■ DATA:
┄┄┄┄┄┄┄┄┄┄

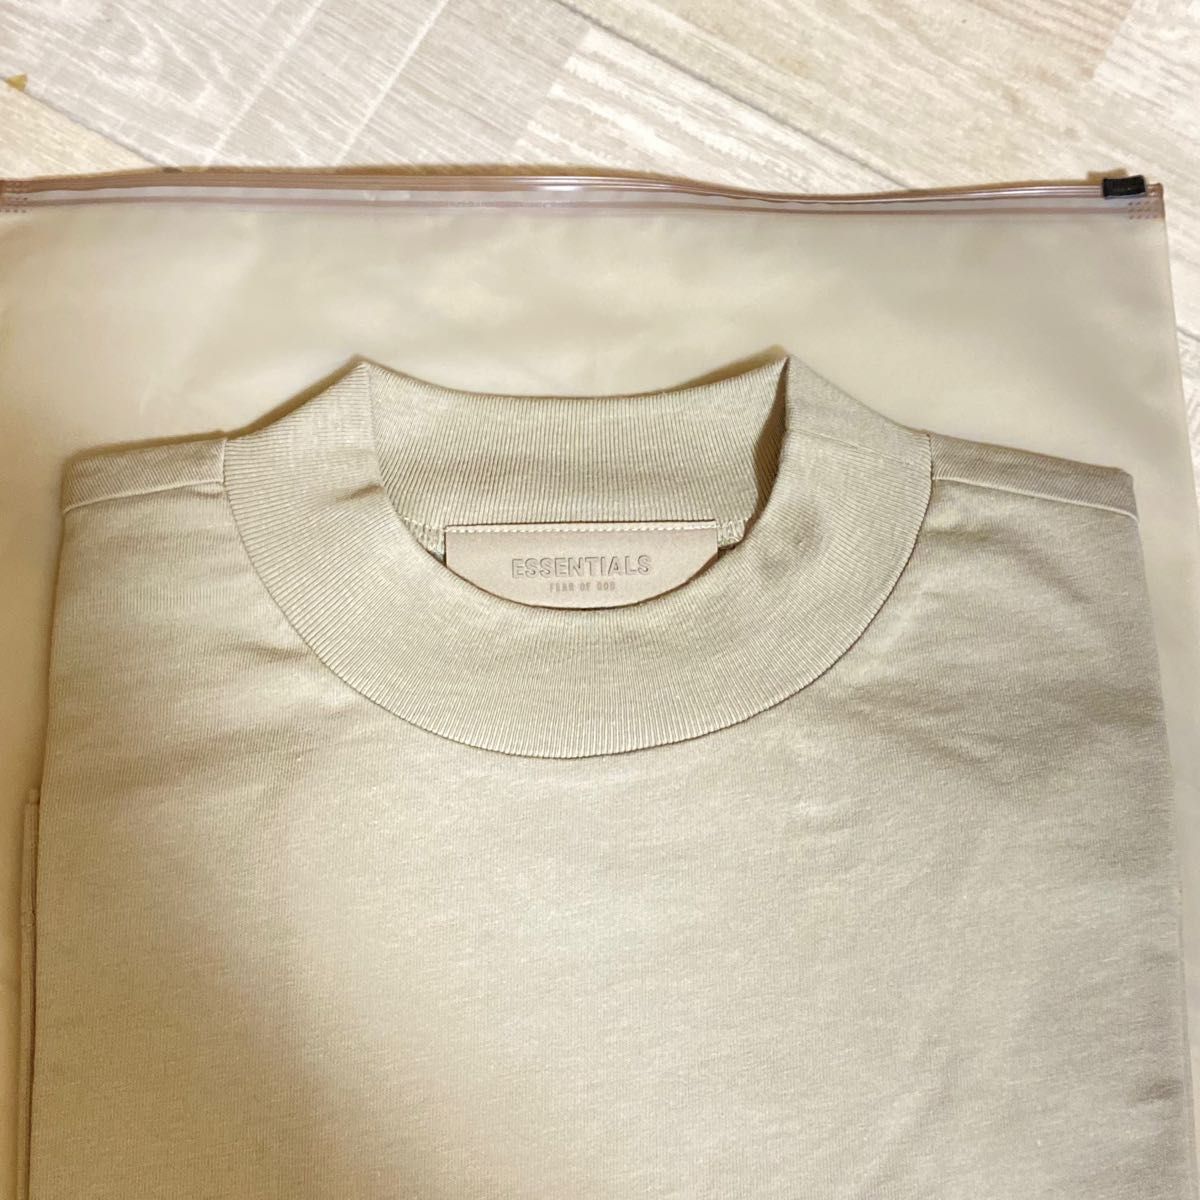 FOG エッセンシャルズ Tシャツ グレー L ラバー ロゴ 半袖Tシャツ ロゴTシャツ フィアオブゴッド essentials
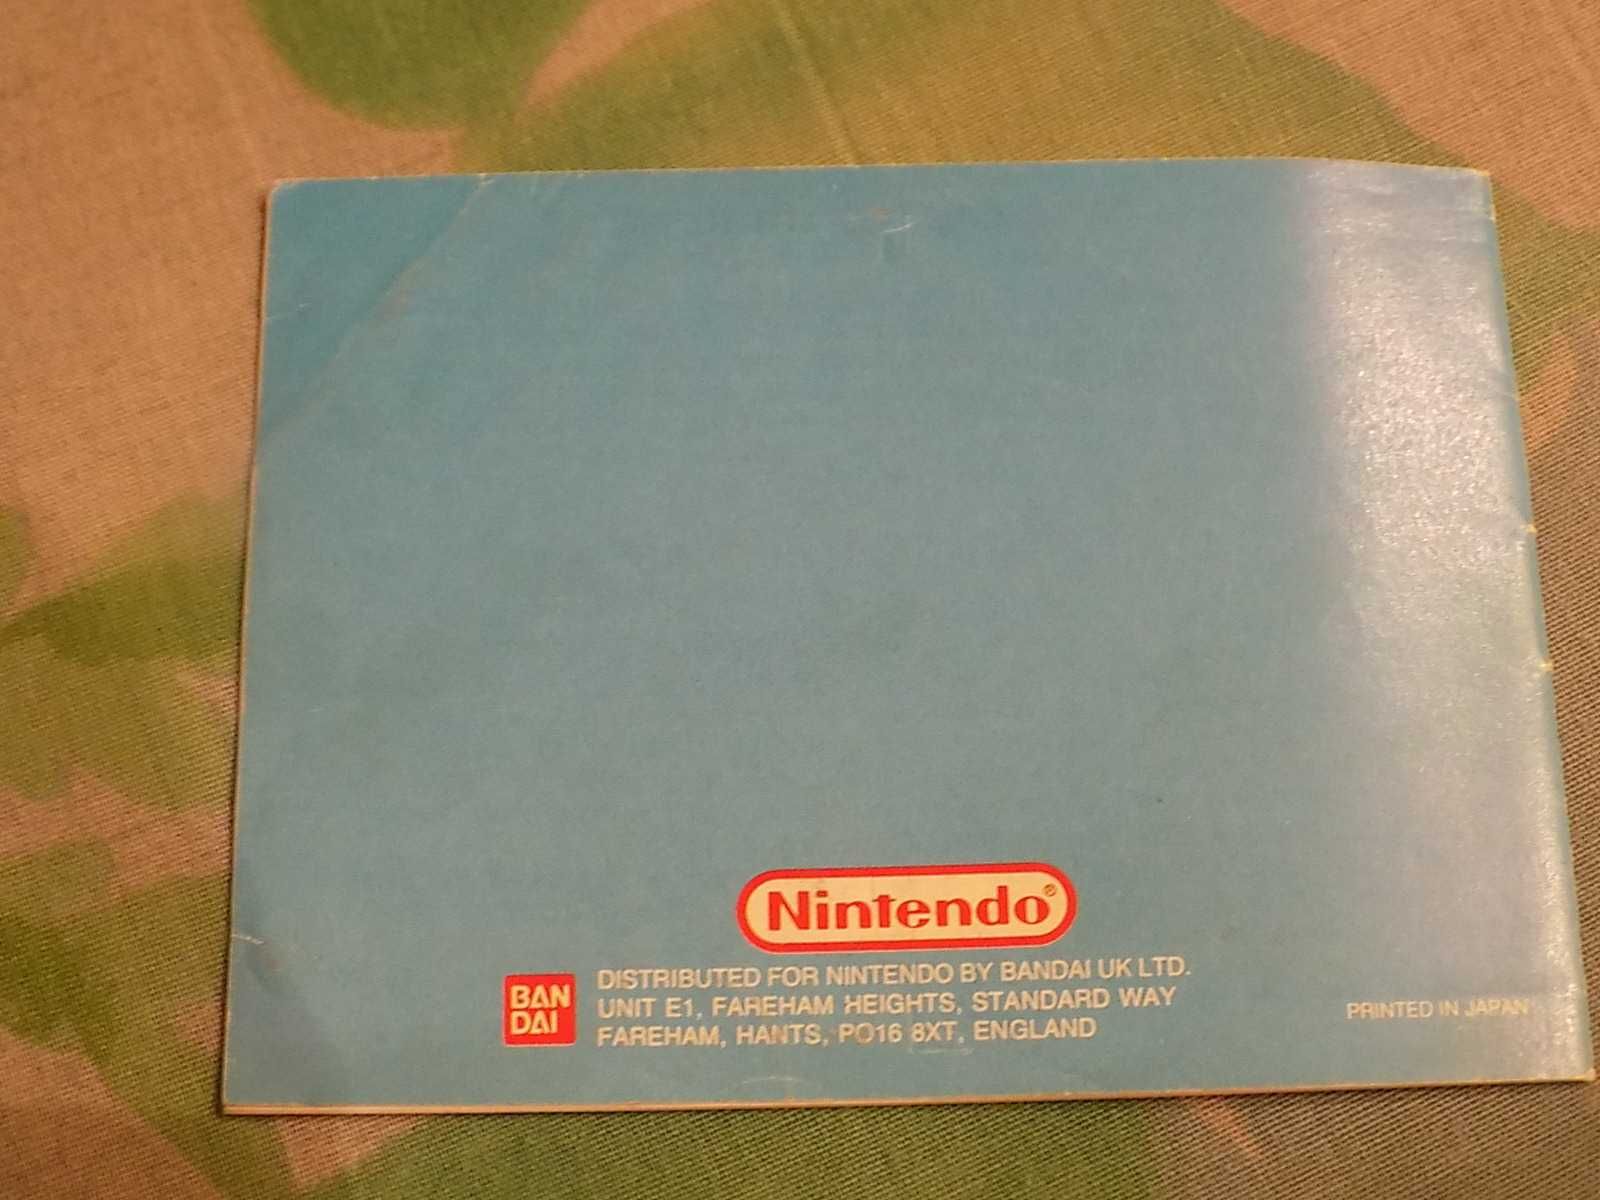 Balloon Kid Nintendo Game Boy - sama angielska instrukcja w bdb stanie
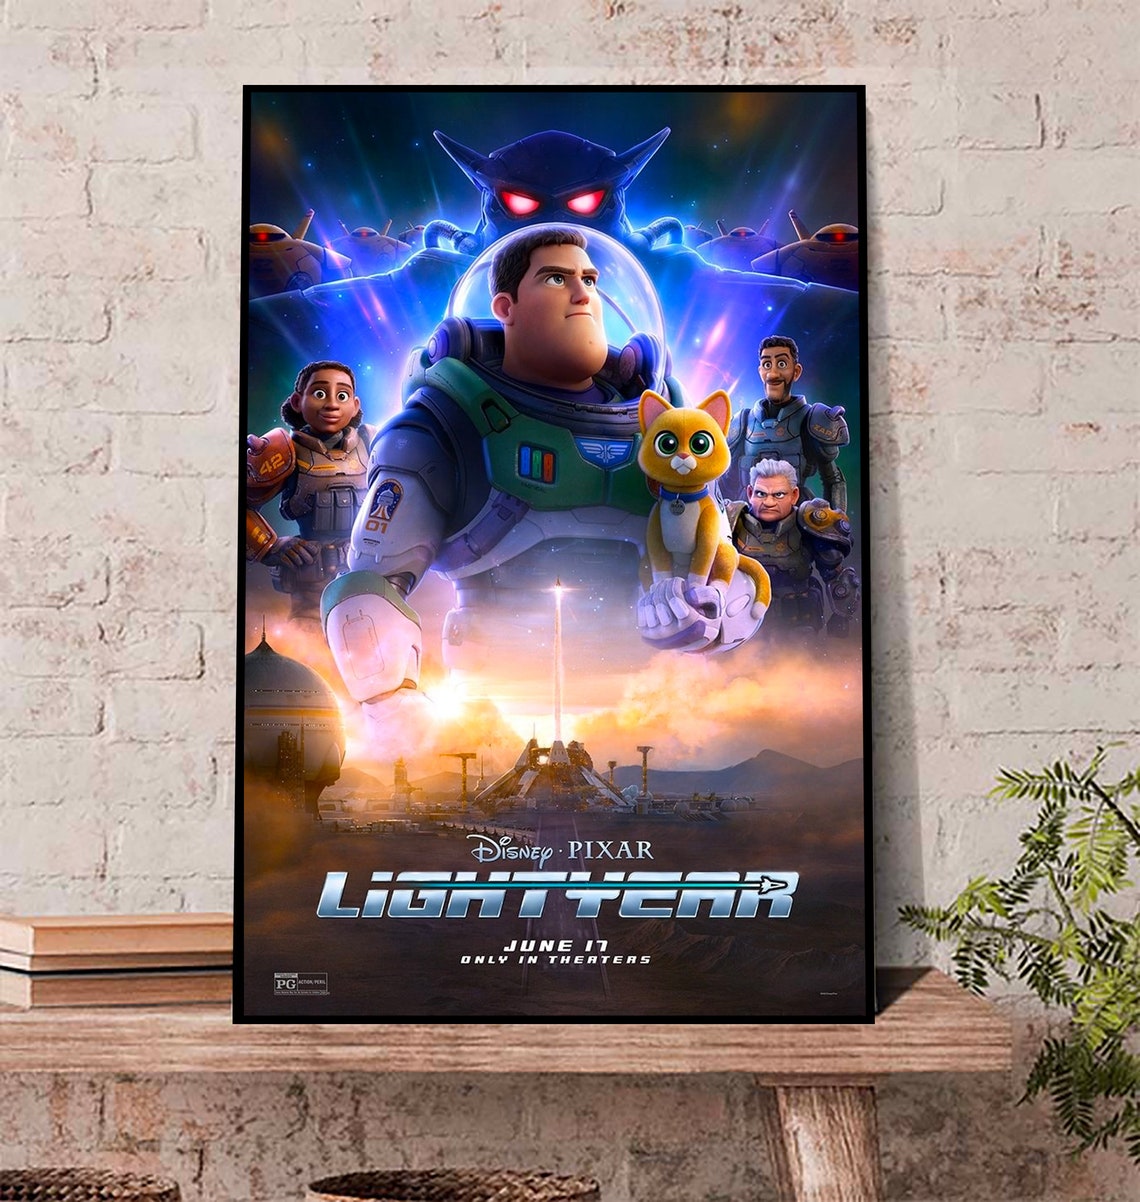 Lightyear Poster, New Lightyear Poster, Lightyear Buzz Poster, Lightyear Gift For Fan Poster 
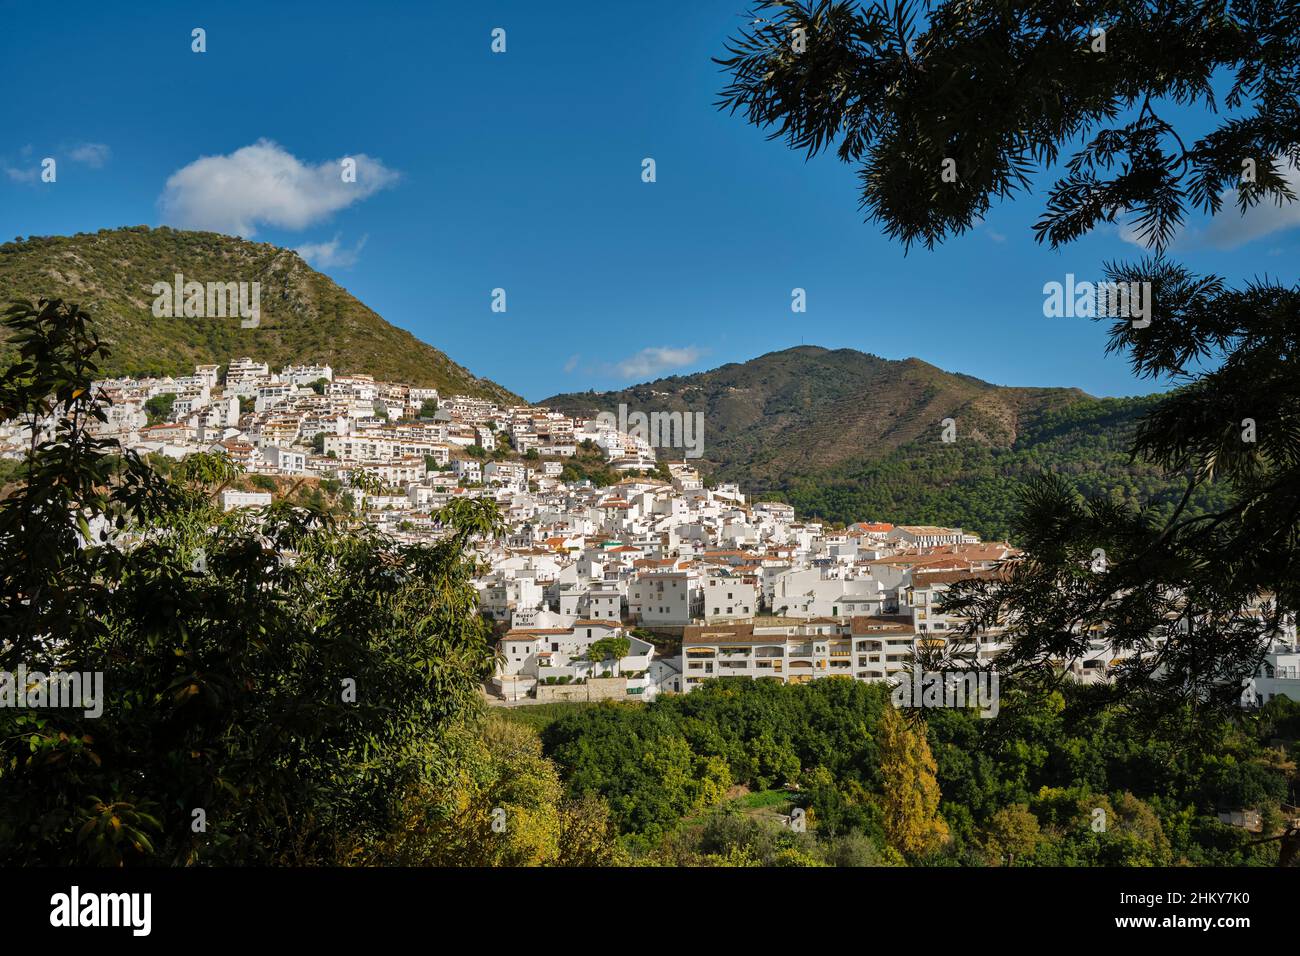 Vista general panorámica del pueblo blanco de Ojen. Málaga provincia Costa del Sol. Andalucía Sur de España, Europa Foto de stock

┄┄┄┄┄┄┄┄┄┄

■ ABOUT THIS TASK:
Would you output the data exactly, without any of its images?

■ OUTPUT FOR THIS EXERCISE:
 FOG エッセンシャルズ Tシャツ グレー L ラバー ロゴ 半袖Tシャツ ロゴTシャツ フィアオブゴッド essentials
 Balloon Kid Nintendo Game Boy - sama angielska instrukcja w bdb stanie
 Lightyear Poster, New Lightyear Poster, Lightyear Buzz Poster, Lightyear Gift For Fan Poster 
 Vista general panorámica del pueblo blanco de Ojen. Málaga provincia Costa del Sol. Andalucía Sur de España, Europa Foto de stock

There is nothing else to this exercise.